Interesting that the change of tyres led you to up the gearing @dave r - wouldn't have thought that would make much of a difference. In any case I'm running 23mm Contis.

I've noticed as well that I can at least use my legs a bit more for braking (or rather slowing) with the 18t cog. No skid-stops on the cards though!


----------



## edindave (14 Aug 2013)

GregCollins said:


> It is determined by the maximum cadence I'm prepared to run on the biggest downhill on my commute home balanced by the longest gear I can honk uphill in on the chevrons I hit coming in to work (different road). A shorter gear makes the latter easier and the former less pleasant.
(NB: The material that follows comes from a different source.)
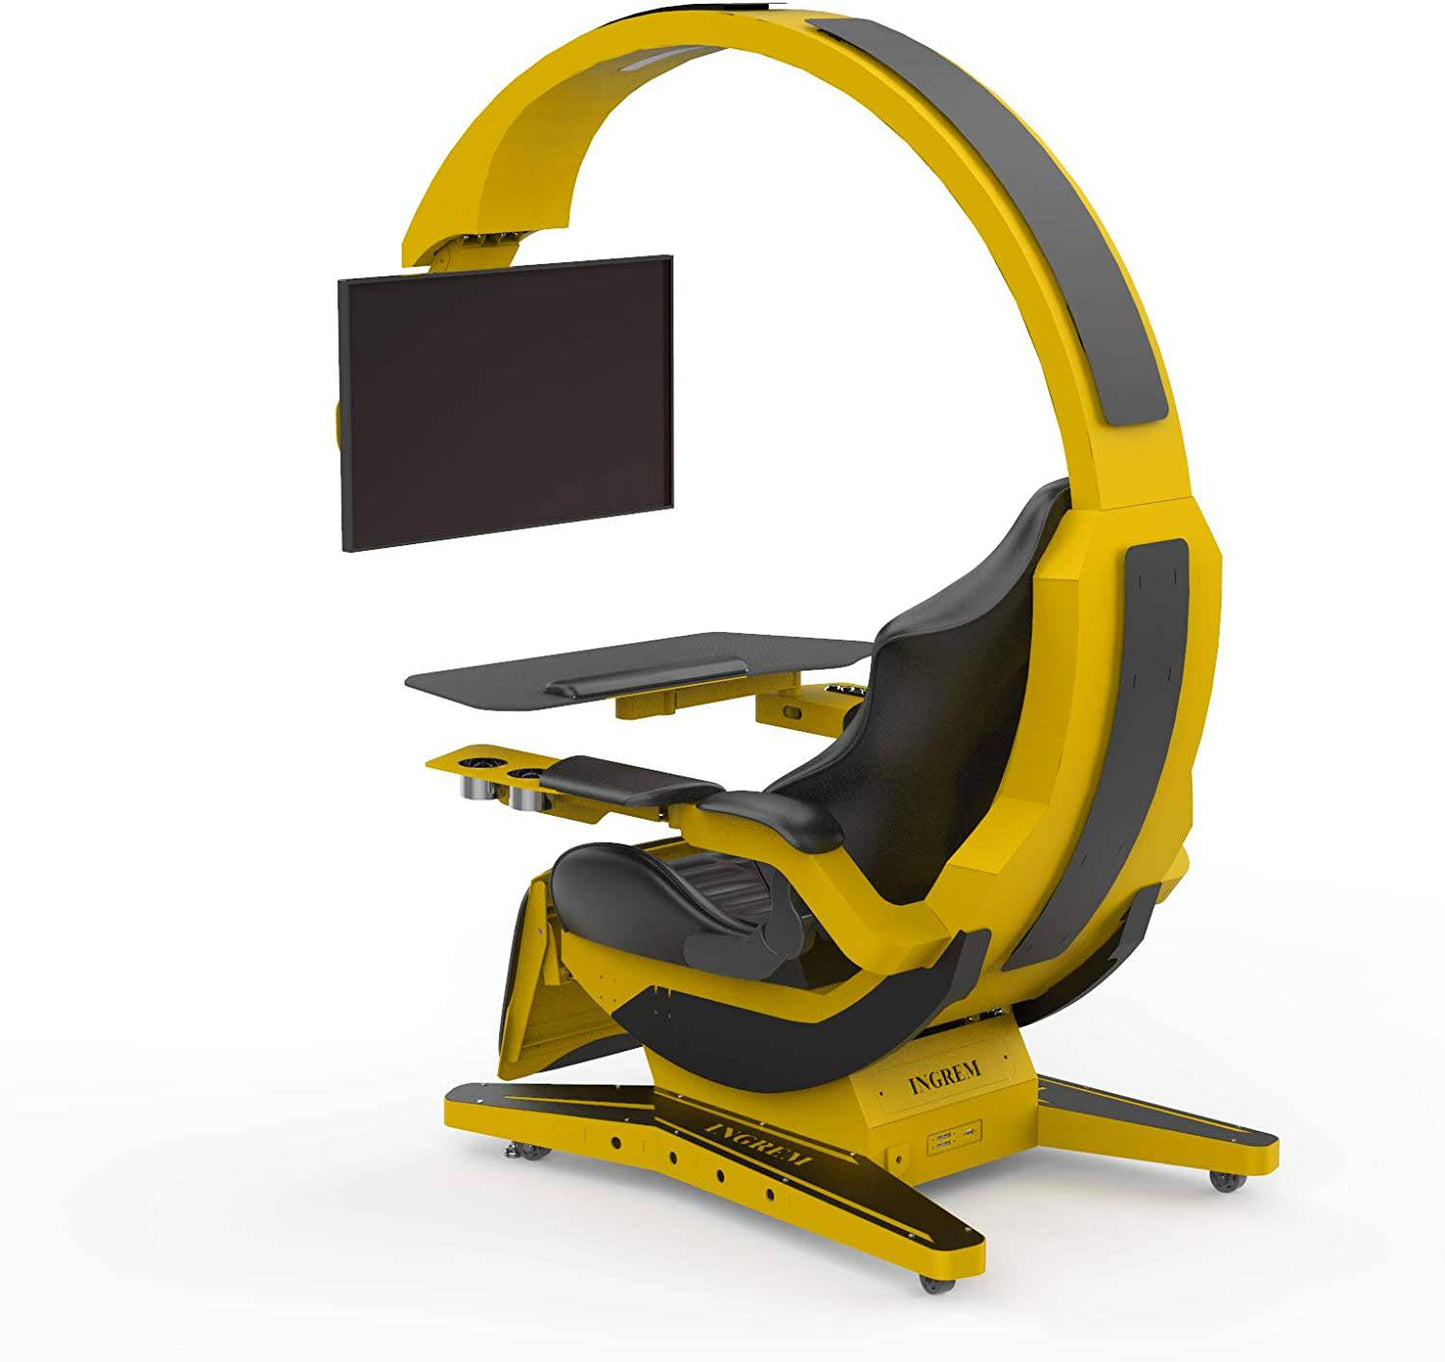 COOLBABY Gaming Station Cabin, Elevate Your Home Gaming Experience with the Ultimate Computer Cockpit and Happy Chair - COOLBABY

A longer gear eases the former but makes the latter harder. But then your legs soon adapt.
> 
> 70" or thereabouts works for me. On 175mm cranks. I'm shallow but I prefer the look of a smaller cog and a smaller chainring.


 
I was reaching about 120rpm yesterday and today quite comfortably. I'm sure that will increase - I do spin classes in winter so know I can spin faster, but am not used to doing anything higher than that in real life.


----------



## HLaB (14 Aug 2013)

My bike came with a 44x16t and I guess I've just adapted to it, if I couldn't I guess I try something different when it wore out.


----------



## GrumpyGregry (14 Aug 2013)

edindave said:


> I was reaching about 120rpm yesterday and today quite comfortably. I'm sure that will increase - I do spin classes in winter so know I can spin faster, but am not used to doing anything higher than that in real life.


What I can do on a spin bike, 'bolted' to the floor and stationary, and what I'm prepared do on a bumpy Sussex B road, in a crosswind, whilst being passed, despite the oncoming traffic, on the double-whites by a stressed mother in a 4x4 are utterly unrelated.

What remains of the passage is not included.